Alison Acosta Fraser and Michael Tolhurst post (16 June) HERE
Alison Acosta Fraser is managing director of research and policy at the Charles Koch Institute, and Michael Tolhurst is a senior policy and research analyst at the institute.
‘Corporate Welfare, 18th-Century Style’
“His well-known metaphor of how the free market works is that every individual, working for his or her own gain, is ultimately “led by an invisible hand” to make the world better and more prosperous. “By pursuing his own interest,” Smith writes, the average citizen “frequently promotes that of the society more effectually than when he really intends to promote it.” …
…Though Smith first articulated the “invisible hand” of the free market, he also had a healthy dose of circumspection about human nature, noting that whenever people in the same trade or industry get together, they always end up finding ways to raise prices. This was particularly true for groups trying to prevent or limit competition.
As Smith states, “The proposal of any new law or regulation of commerce which comes from this order (business or labor group), ought always to be listened to with great precaution, and ought never be adopted till after having been long and carefully examined, not only with the most scrupulous, but with the most suspicious attention.”
Comments
The above authors show no  signs of irony that their first paragraph on the ‘invisible hand’ is completely negated by their second paragraph about human nature.
Their problem is that Smith did not use the invisible hand to describe universal human nature.

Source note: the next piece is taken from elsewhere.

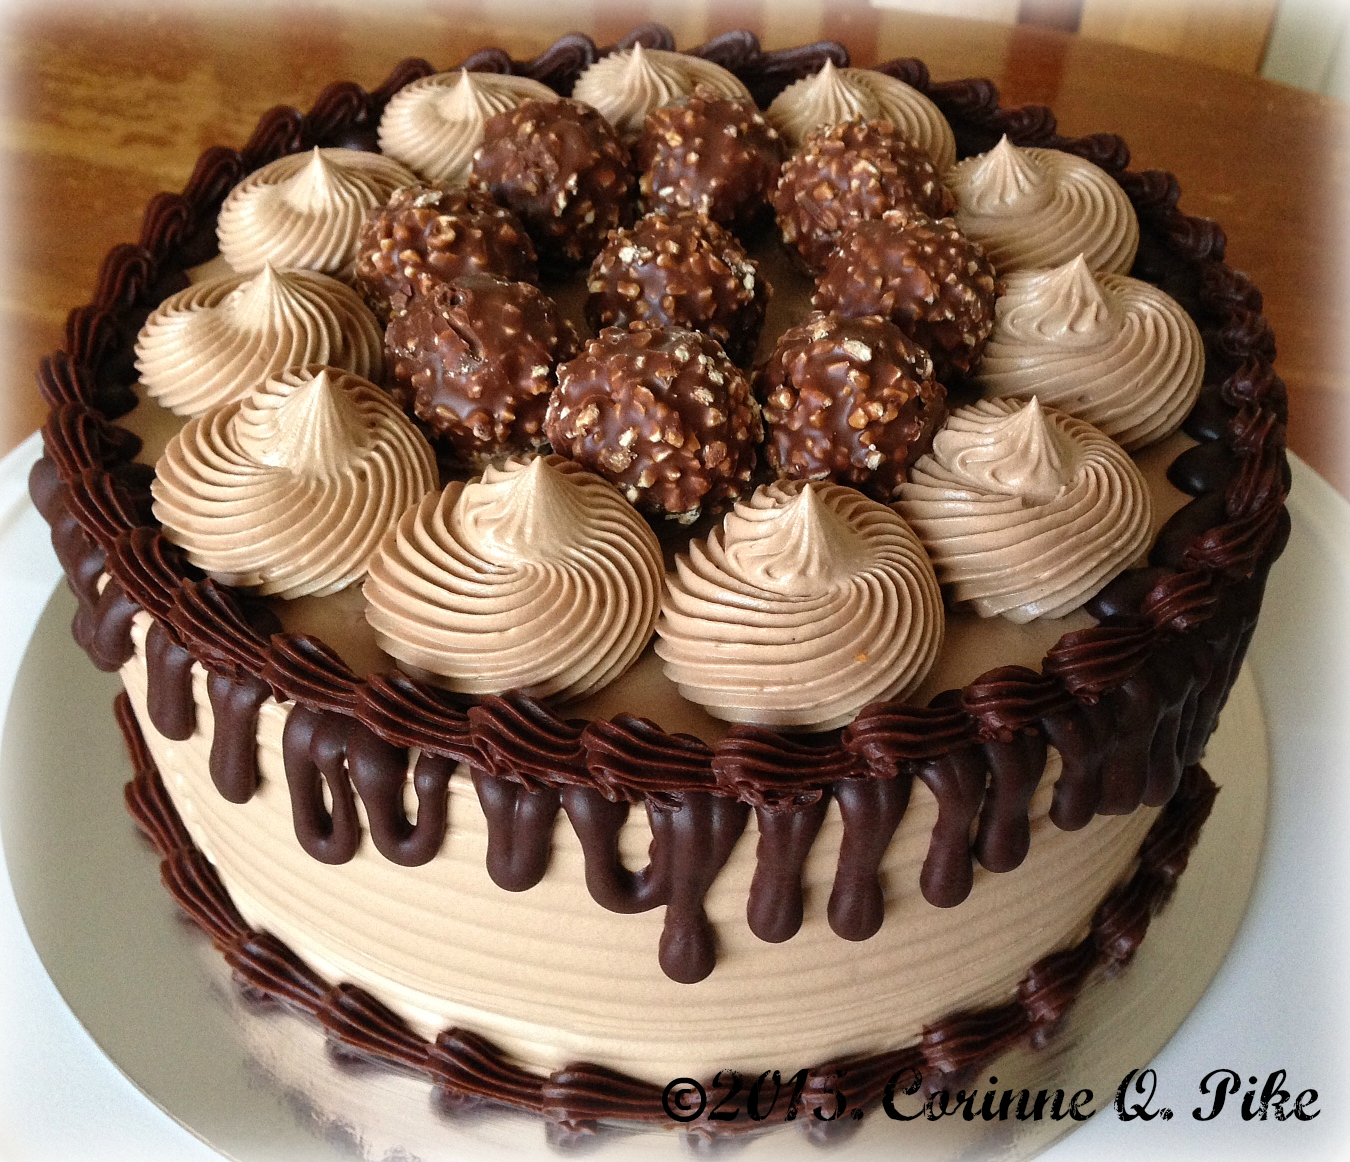 Chocolate Ferrero Rocher Cake With Nutella Ganache

Smith was more sensible than that. 
He used the metaphor of ‘an invisible hand’ only once in Wealth of Nations to describe the case of a merchant who was concerned about the additional risks of sending his capital abroad and thereby preferred to invest locally, where he knew whom he dealt with and the legal system’s integrity in case there was a dispute, whereas in foreign trade he knew less about people he had never met and the legal system they lived under. His motives - invisible to others - led him to intentionly invest domestically. However, his motivated actions also had unintentional consequences, in this case adding by to ‘domestic revenue and employment, which was a public benefit. His use of the metaphor of ‘an invisible hand’ describes the public benefits arising from these specific motivated actions, which because he undertakes the actions it leads him to be the cause of the consequential benefits to society.
Clearly, in the other (very commmon) circumstances of a merchant who is self-motivated to seek, say, trariffs - even outright prohibitions - the consequences cannot be said to be publically beneficial. Smith nowhere - and correctly - makes no claim that such selfish motivated actions are described by the metaphor of an ‘invisible hand’. He wrote pages in Wealth of Nations exposing and criticising mercantile interests that were agaist the public interest.

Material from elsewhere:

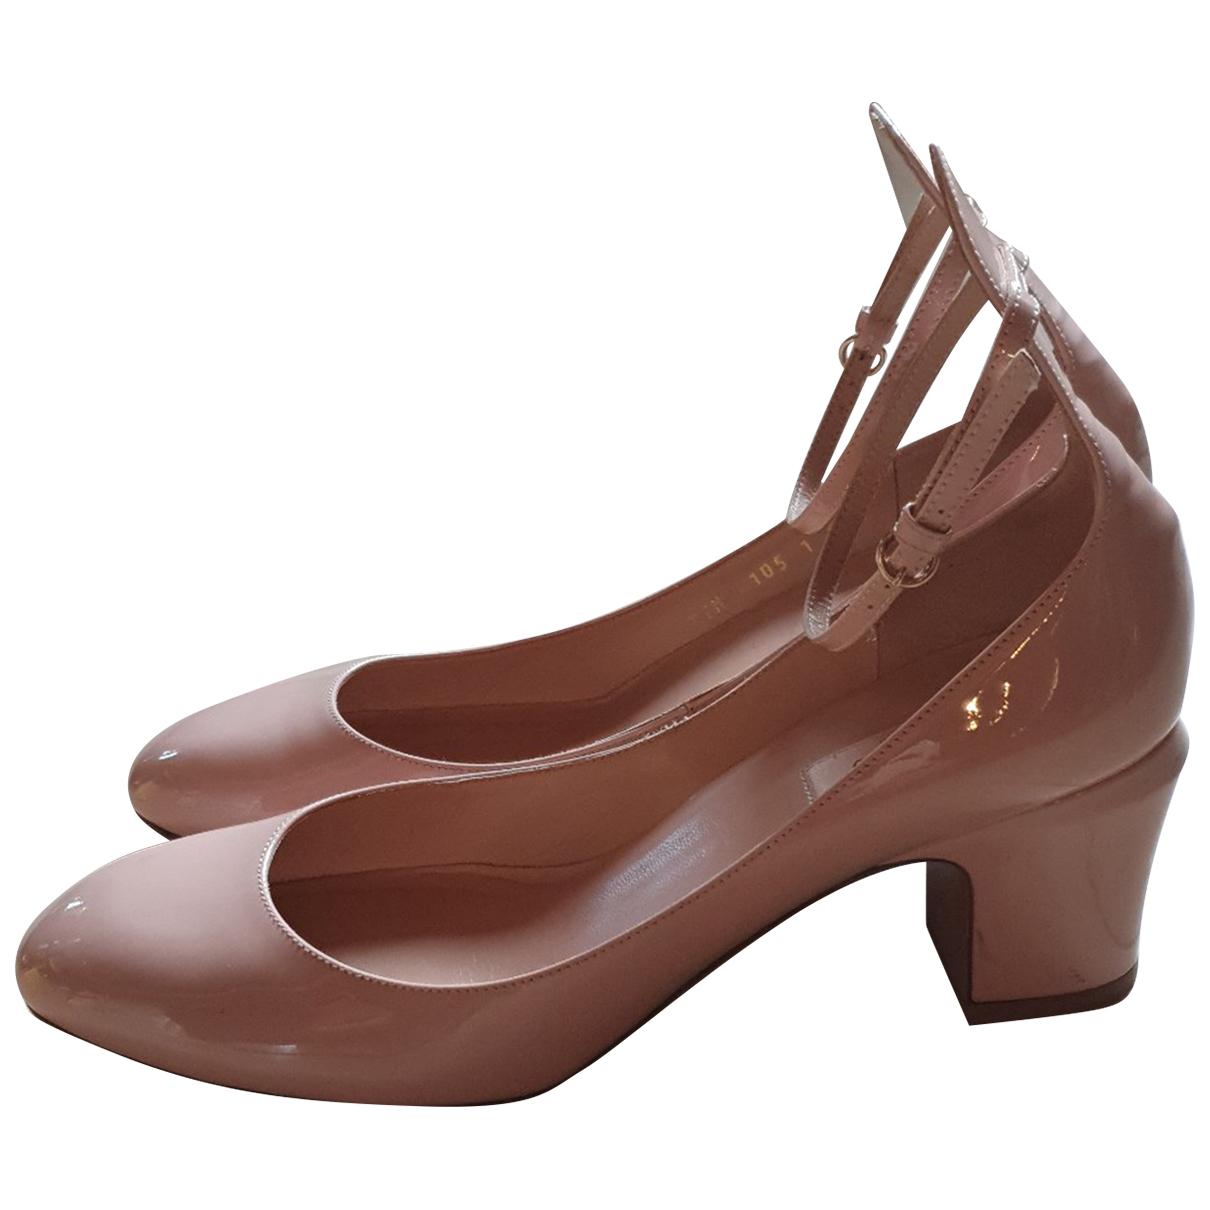 Valentino Garavani Tango Pink Patent leather Heels for Women 41 IT

Yet Alison Acosta Fraser and Michael Tolhurst do not make it clear that Smith’s use of the metaphor of ‘an invisible hand’ applies in the one case and others like it, but not in all those other cases where merchants act against the public interest. There is no ‘invisible hand’ of the market. Given the authors’ lack of a distinction they mislead their readers and, as important, undermine Adam Smith’s reputation.